**WHAT THE EXERCISE ASKS**
Only the pictures are to be left out; the listing itself is repeated exactly.

**RECORDED DATA**
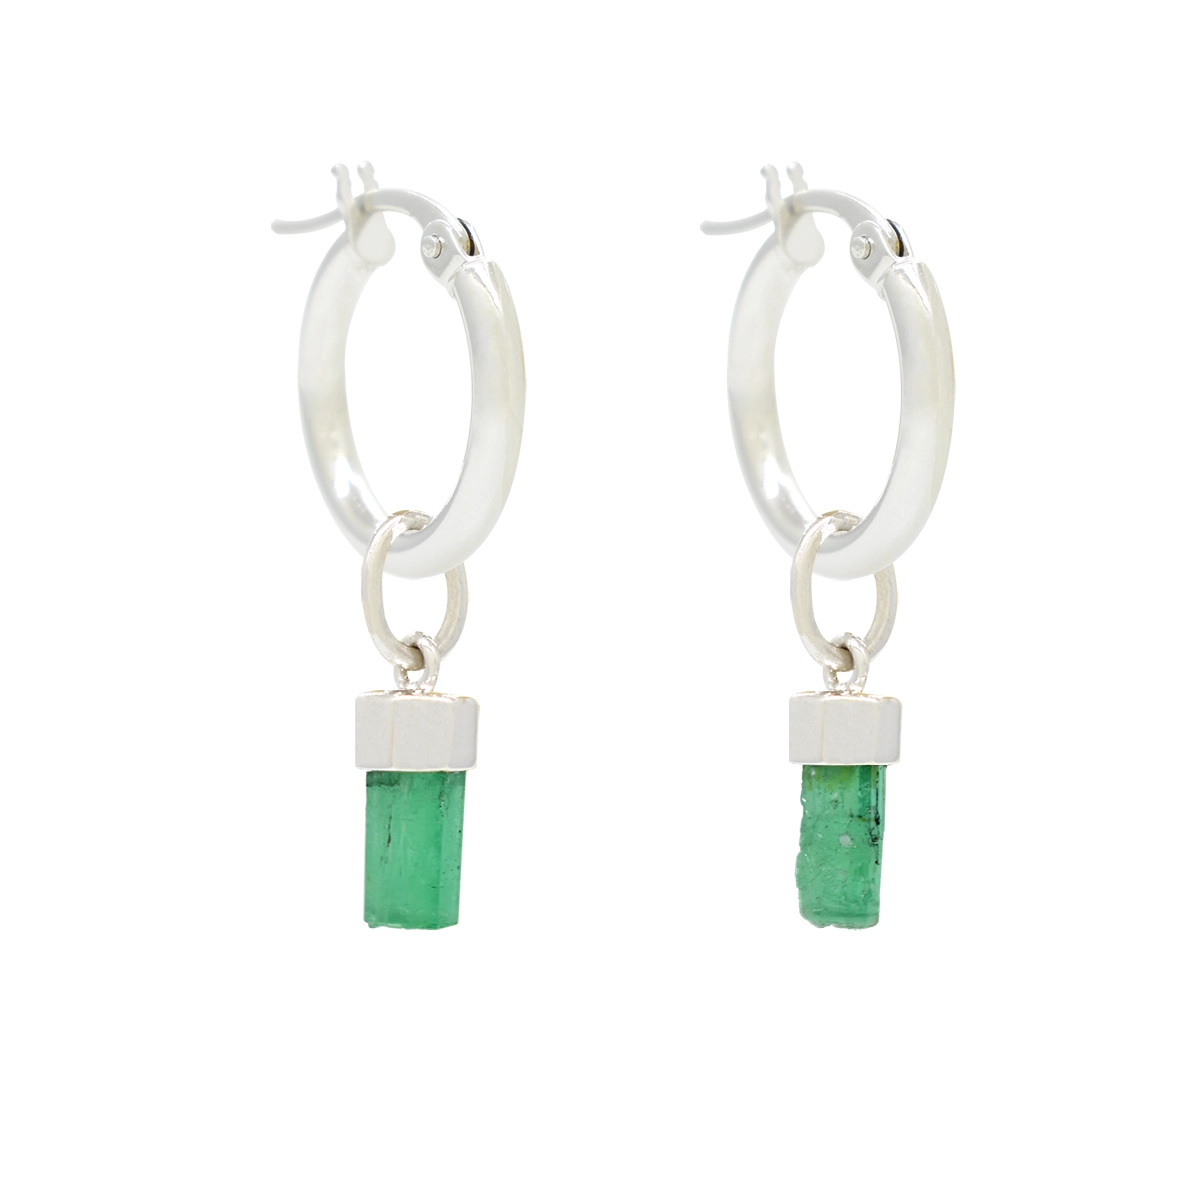 Emerald dangling earrings in 18K white gold hoops with 2 uncut natural Colombian emeralds in 1.72 carats total weight
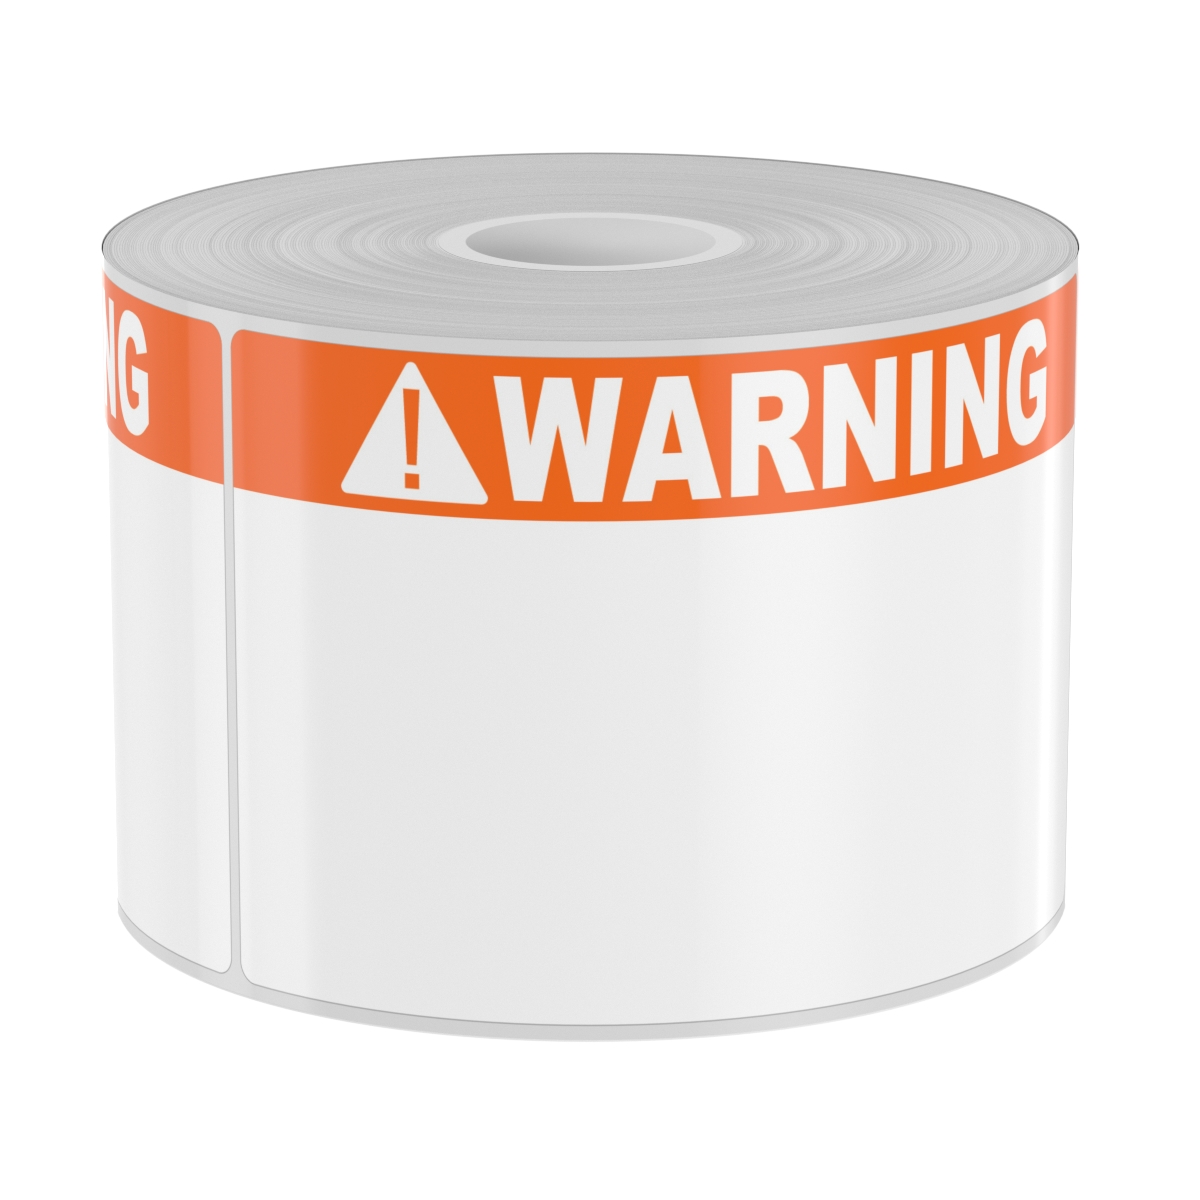 Ask a question about 250 3" x 5" High-Performance Die-Cut Orange Band Warning
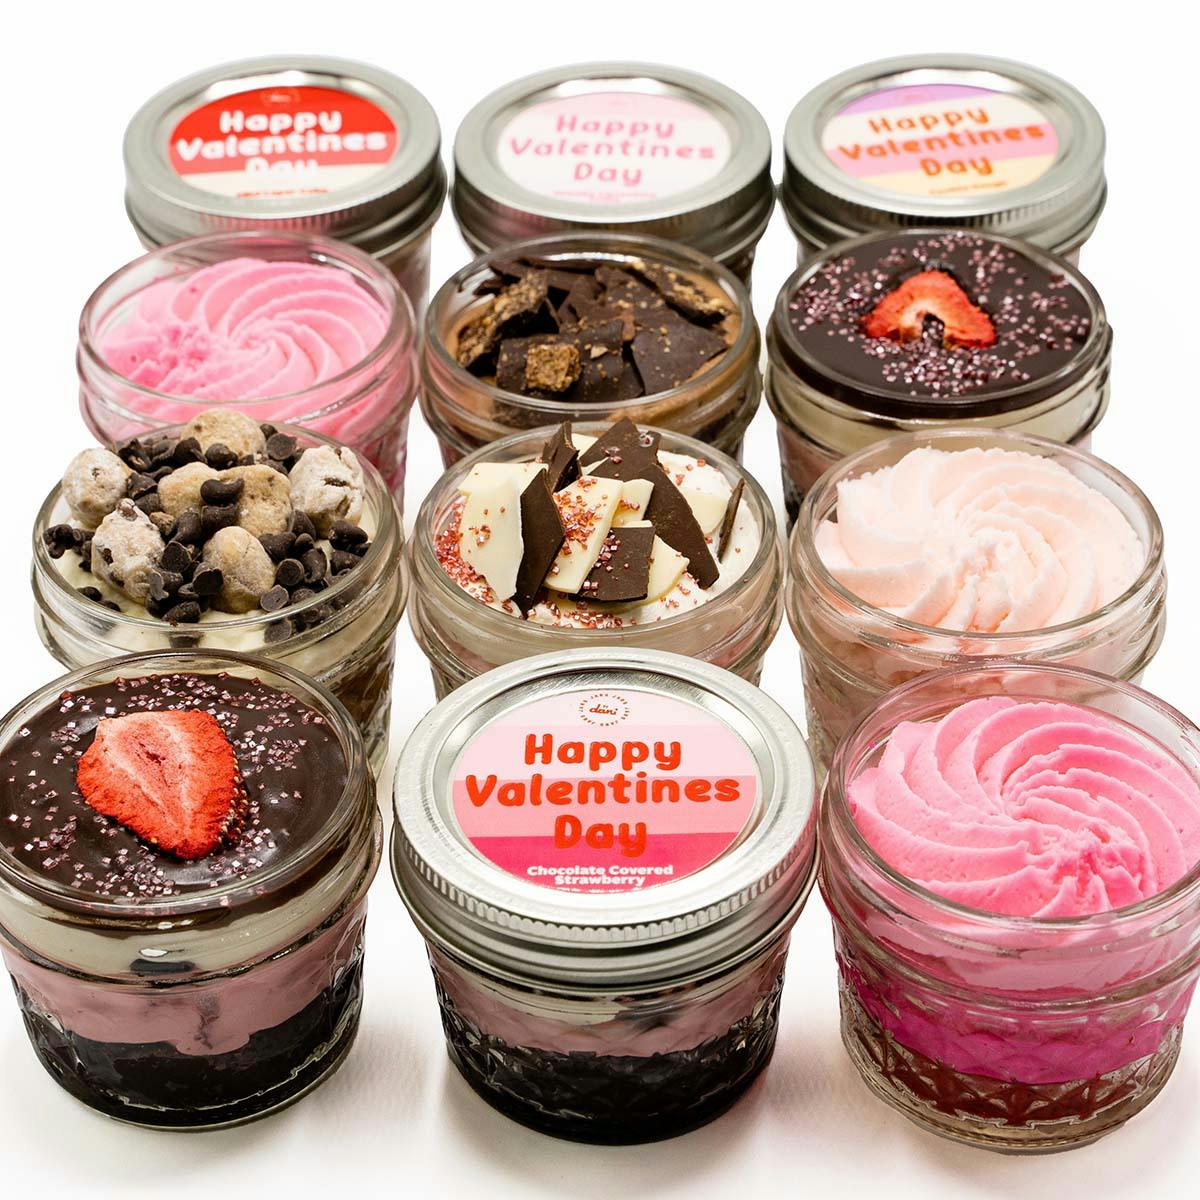 Valentine's Day Candle Gift Box (2 Candles + Matchbox)

**OUTPUT**
 Emerald dangling earrings in 18K white gold hoops with 2 uncut natural Colombian emeralds in 1.72 carats total weight
 Ask a question about 250 3" x 5" High-Performance Die-Cut Orange Band Warning
 Valentine's Day Candle Gift Box (2 Candles + Matchbox)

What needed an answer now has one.